- Chah Khaseh Location within Iran
- Coordinates: 36°24′09″N 59°24′04″E﻿ / ﻿36.40250°N 59.40111°E
- Country: Iran
- Province: Razavi Khorasan
- County: Torqabeh and Shandiz
- District: Shandiz
- Rural District: Shandiz

Population (2016)
- • Total: 875
- Time zone: UTC+3:30 (IRST)

= Chah Khaseh =

Village in Razavi Khorasan province, Iran

Chah Khaseh (چاه خاصه) (Note: Also romanized as Chāh Khāşeh) is a village in Shandiz Rural District of Shandiz District in Torqabeh and Shandiz County, (Note: Formerly Binalud County) Razavi Khorasan province, Iran.

==Demographics==
===Population===
At the time of the 2006 National Census, the village's population was 824 in 206 households, when it was in Torqabeh District of Mashhad County.

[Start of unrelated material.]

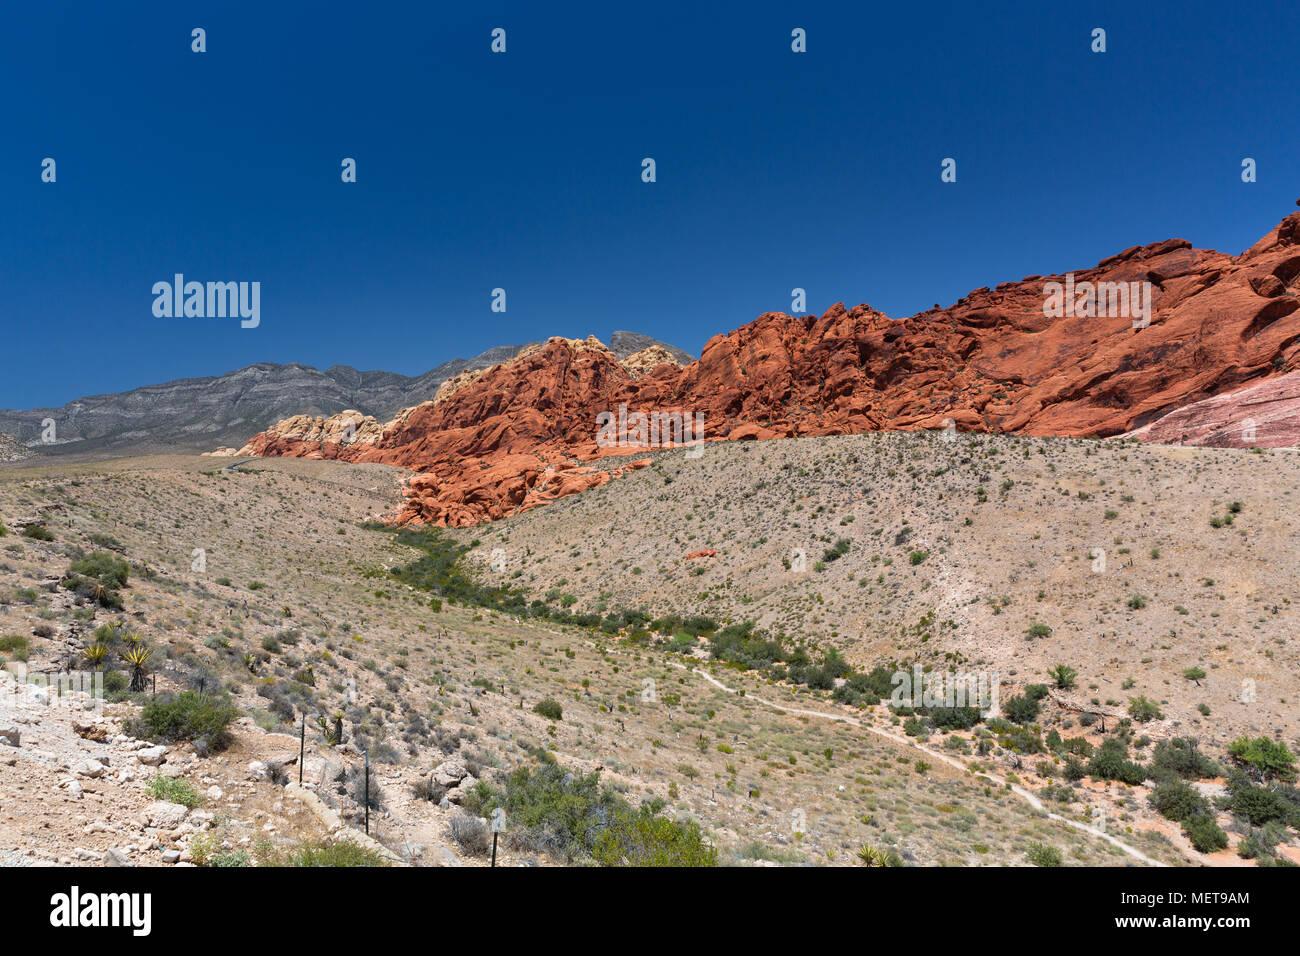 Red Rock Canyon gegen ein strahlend blauer Himmel - Las Vegas, Nevada Stockbild

The following census in 2011 counted 806 people in 224 households, by which time the district had been separated from the county in the establishment of Binalud County. (Note: Renamed Torqabeh and Shandiz County) The rural district was transferred to the new Shandiz District. The 2016 census measured the population of the village as 875 people in 266 households.